You can't get FAI by hacking an AGI design at last minute, by performing "safety measures", adding a "Friendliness module", you shouldn't expect FAI to just happen if you merely intuitively believe that there is a good chance for it to happen. Even if "issues of safety are considered", you still almost certainly die. The target is too small. It's not obvious that the target is so small, and it's not obvious that you can't cross this evidential gap by mere gut feeling, that you need stronger support, better and technical understanding of the problem to have even a 1% chance of winning. If you do the best you can on that first AGI, if you "maximize" the chance of getting FAI out of it, you still loose. Nature doesn't care if you "maximized you chances" or leapt in the abyss blindly, it kills you just the same. Maximizing chances of success is a ritual of cognition that doesn't matter if it doesn't make you win. It doesn't mean that you must write a million lines of FAI code, it is a question of understanding. Maybe there is a very simple solution, but you need to understand it to find its implementation. You can write down a winning combination of a lottery in five seconds, but you can't expect to guess it correctly. If you discovered the first 100 bits of a 150-bit key, you can't argue that you'll be able to find 10 more bits at last minute, to maximize you chances of success; they are useless unless you find 40 more.
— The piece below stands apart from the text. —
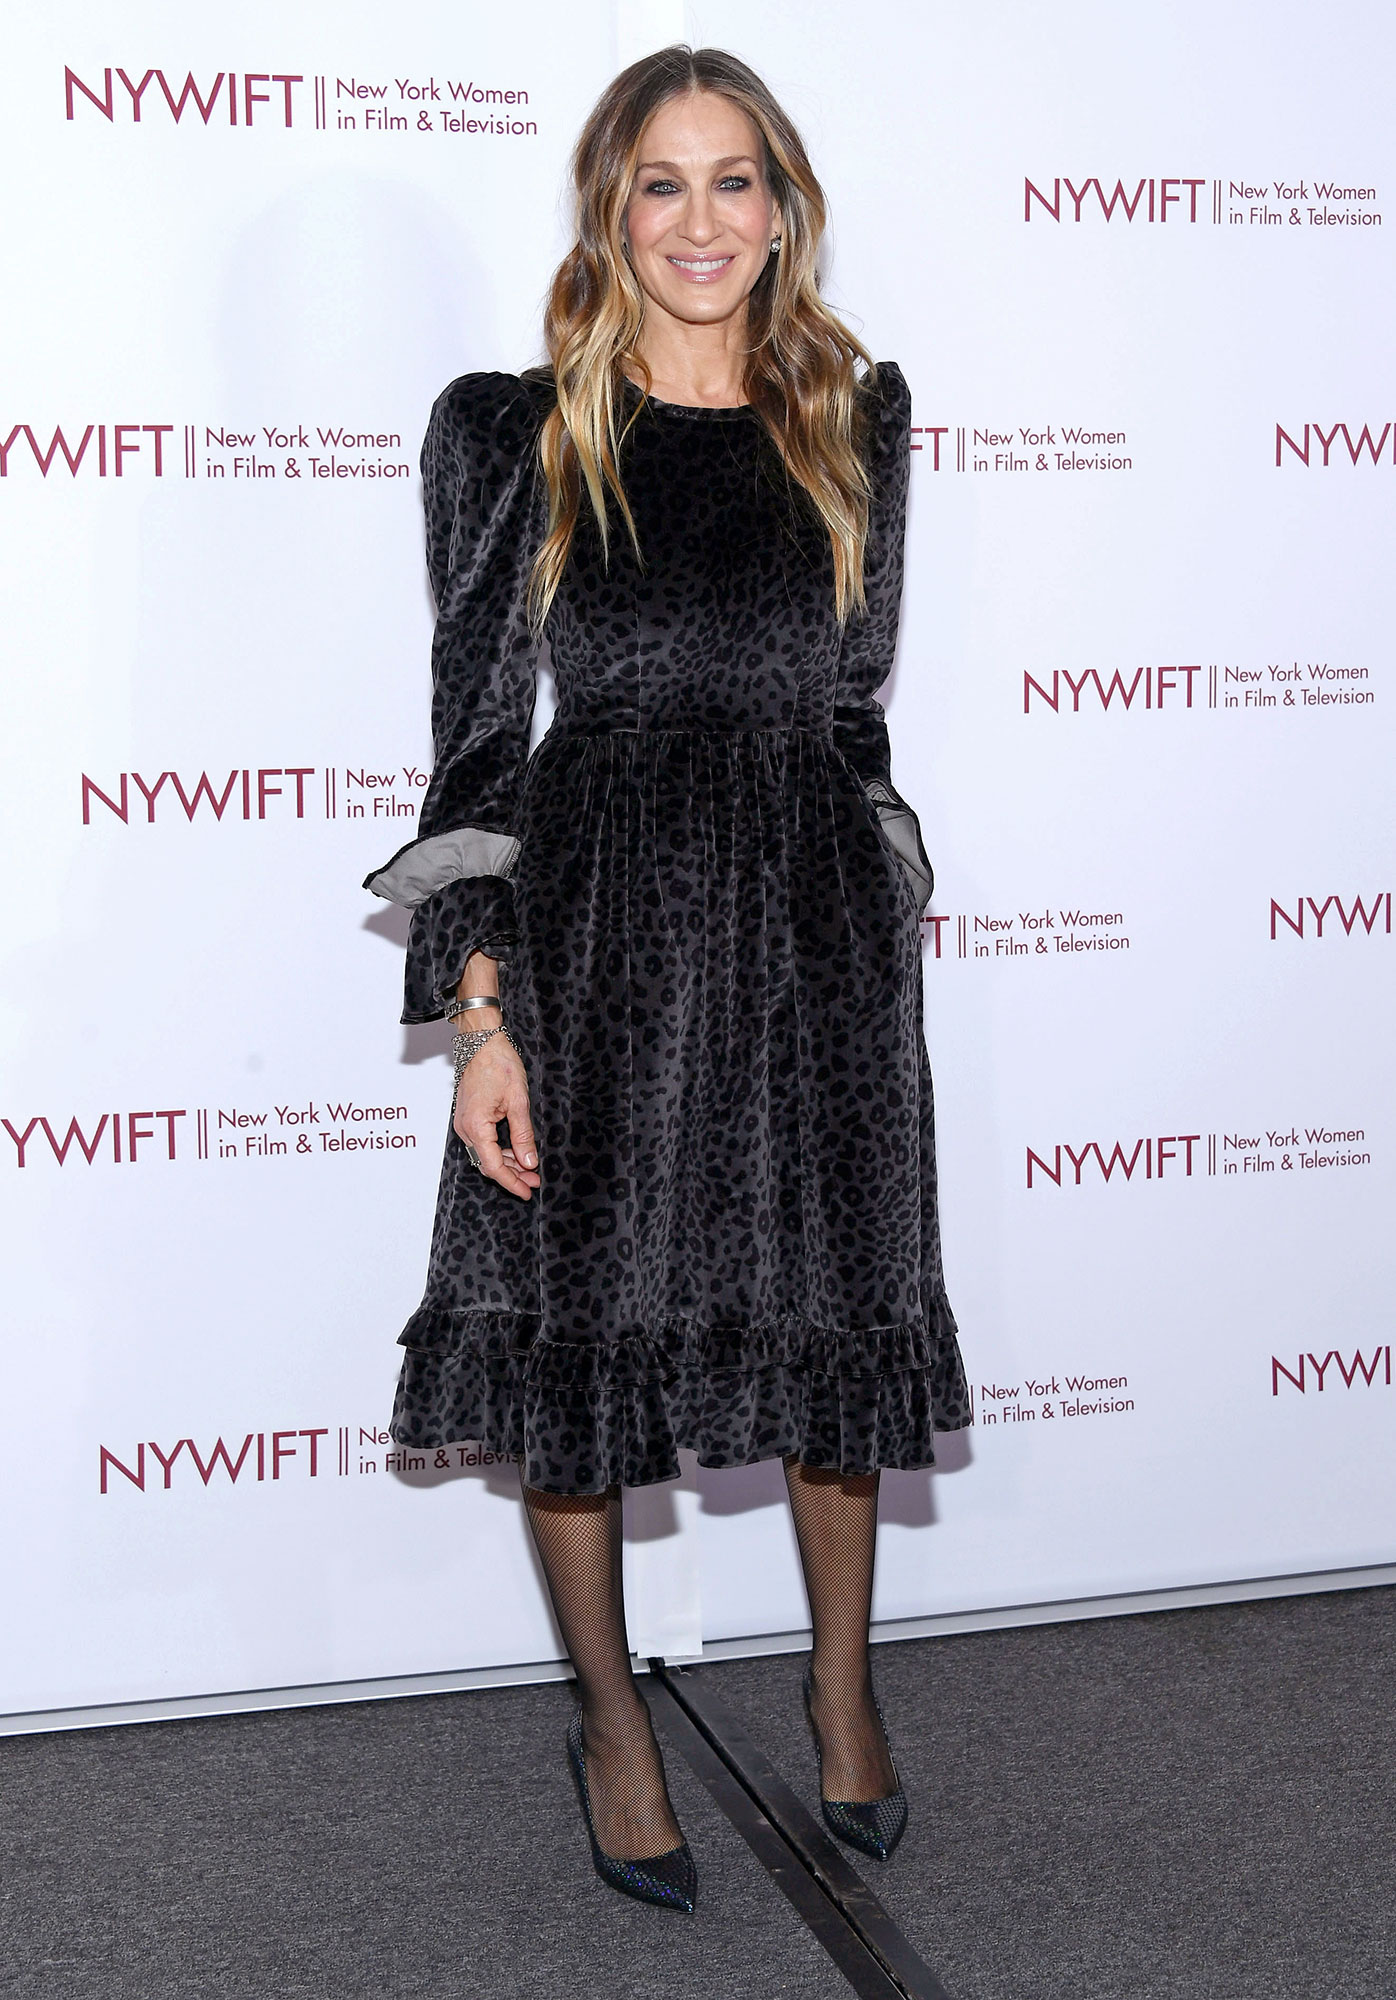 Sarah Jessica Parker Celebrities Who Went From Rags to Riches
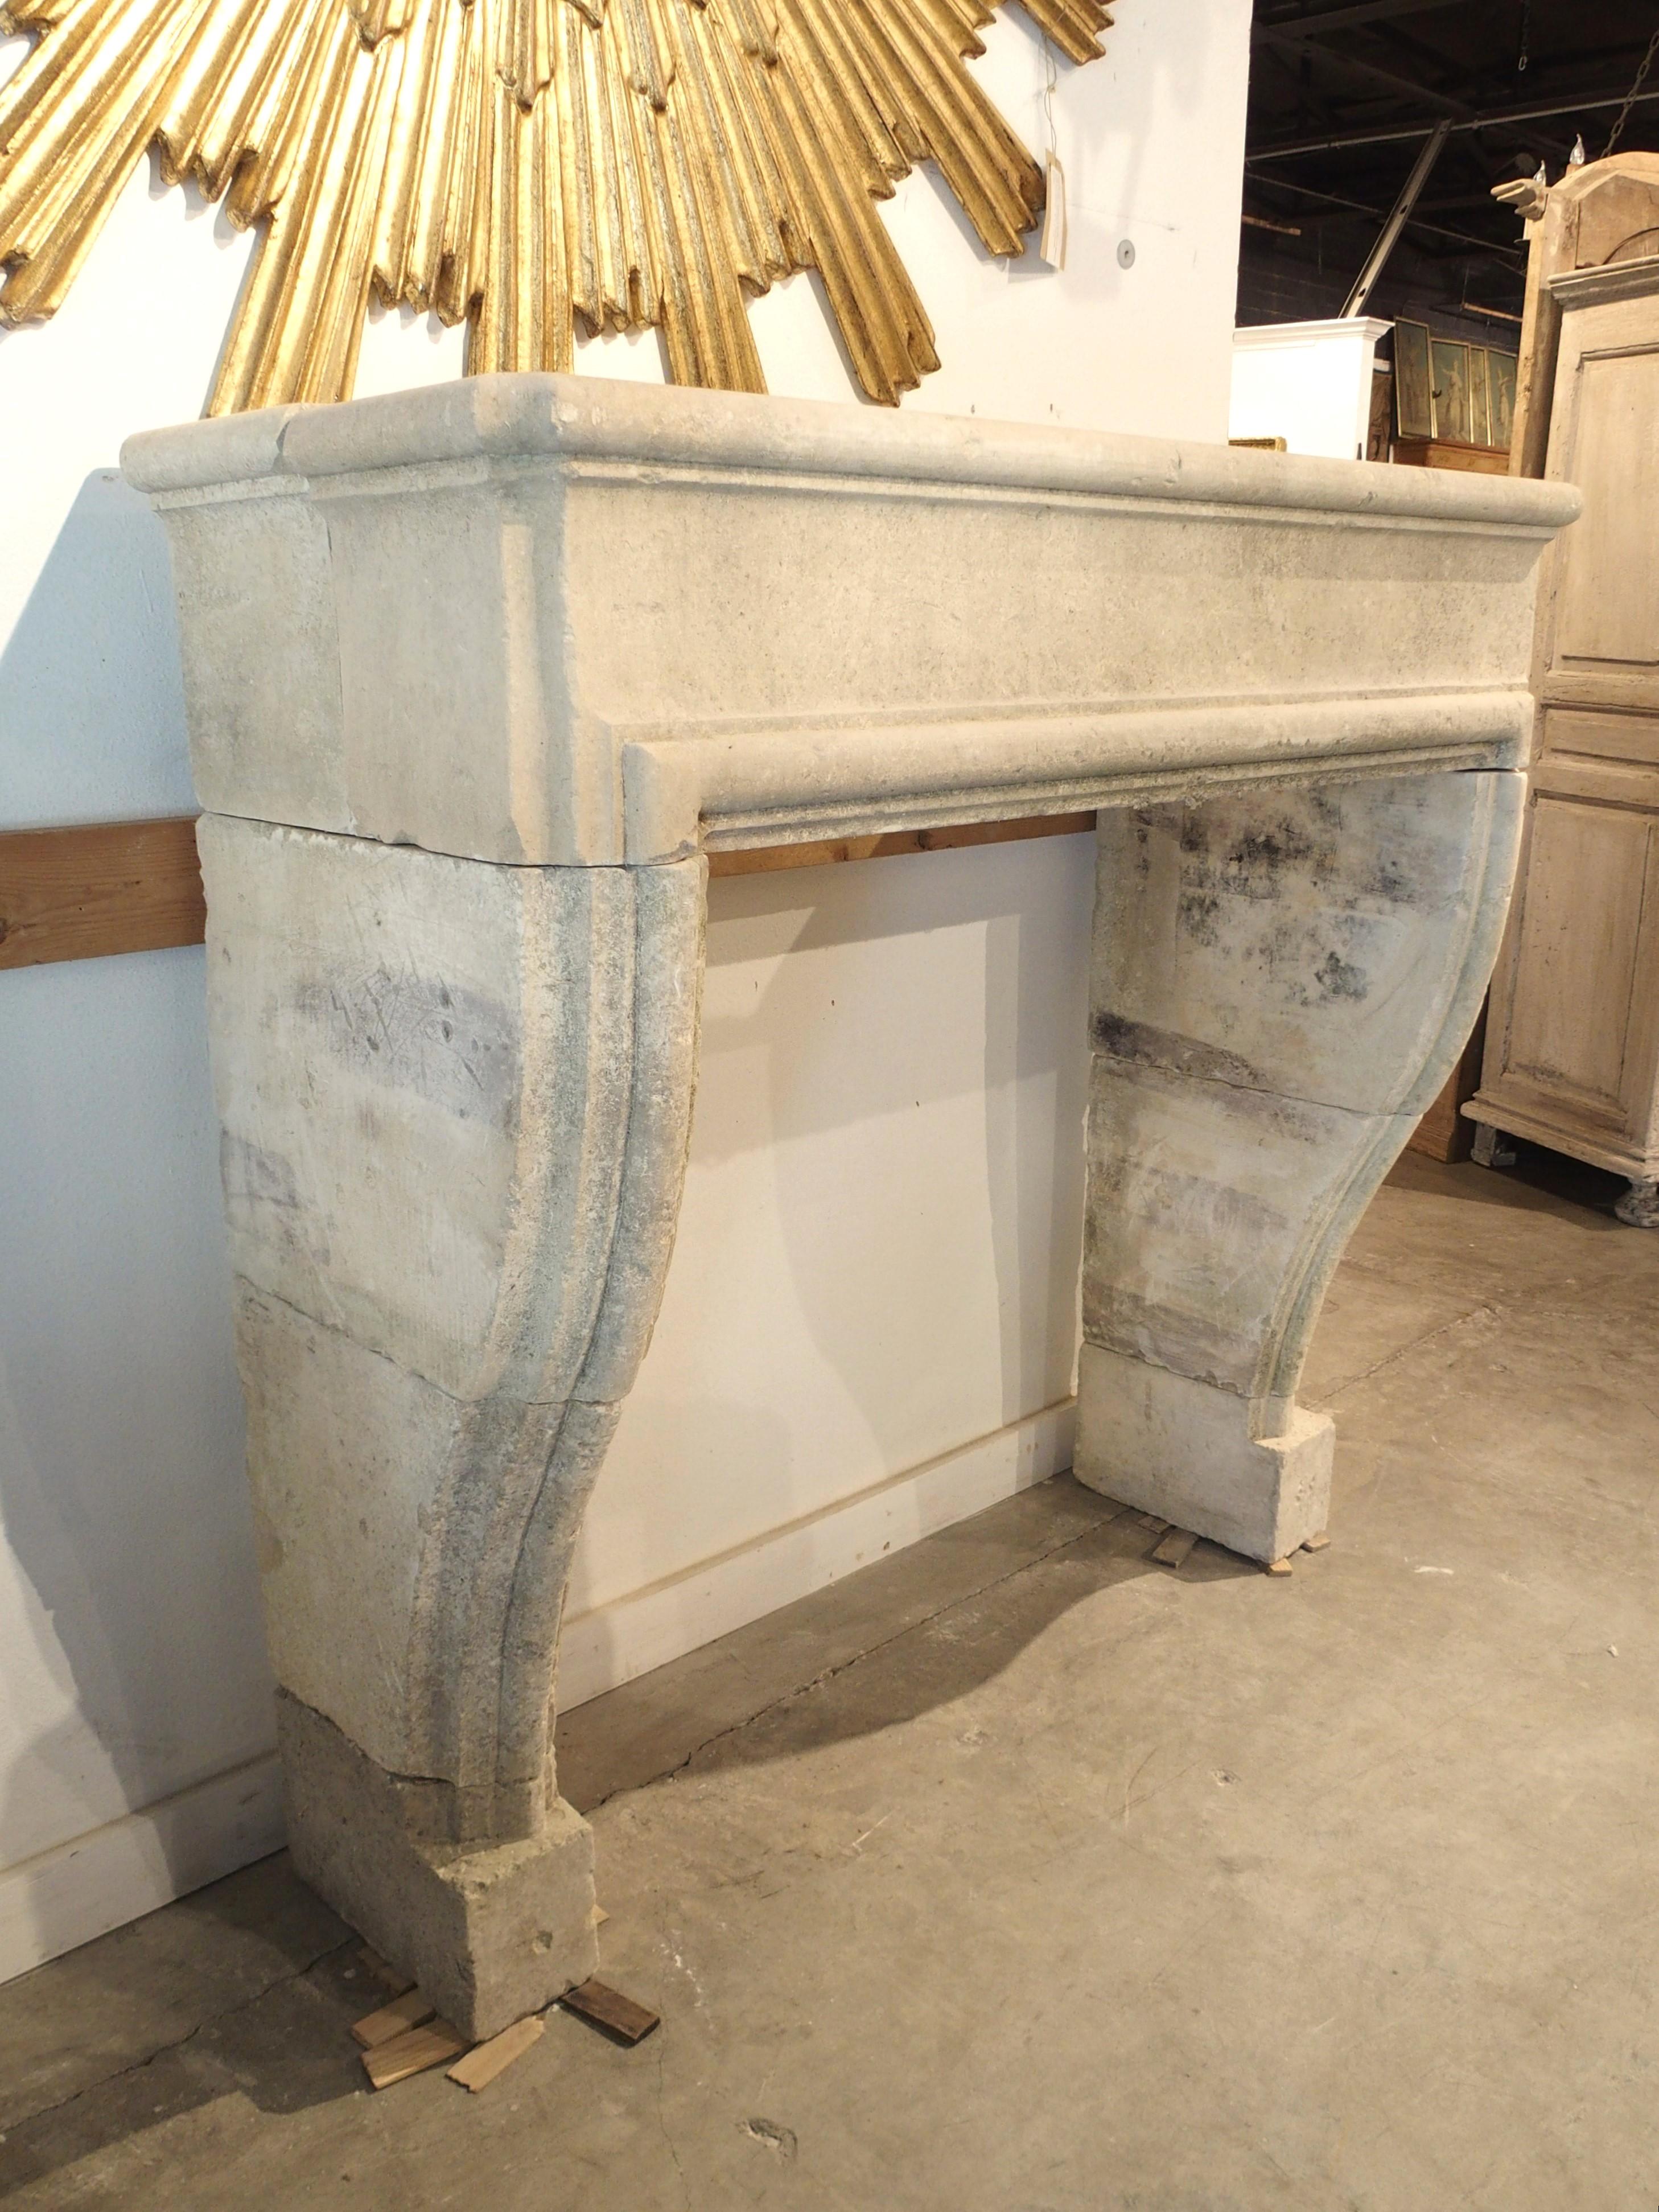 From Southern Italy, this elegant fireplace mantel has been hand-carved from nine pieces of limestone. The cream-colored stone has developed a nice black and gray patina and was intentionally distressed to give the appearance of antiquity. A

Provability is not about setting a standard that is too high, it is about knowing what you are doing -- like, at all. Finding a nontrivial solution that knowably has a 1% chance of being correct is a very strange situation, much more likely you'll be able to become pretty sure, say, >99%, in the solution being correct, which will be cut by real-world black swans to something lower but closer to 99% than to 1%. This translates as "provably correct", but given the absence of mathematical formulation of this problem in the first place, at best it's "almost certainly correct". Proving that the algorithm itself, within the formal rules of evaluation on reliable hardware, does what you intended, is a part where you need to preserve your chances of success across huge number of steps performed by AI. If your AI isn't stable, if it wanders around back and forth, forgetting about the target you set at the start after a trillion steps, your solution isn't good for anything.
You can see that the target is so small from the complexity of human morality, which judges the solution. It specifies an unnatural category that won't just spontaneously appear in the mind of AI, much less become its target. If you miss something, your AI will at best start as a killer jinni that doesn't really understand what you want of it and thus can't be allowed to function freely, and if restrictions you placed on it are a tiny bit imperfect (which they will be), it will just break loose and destroy everything.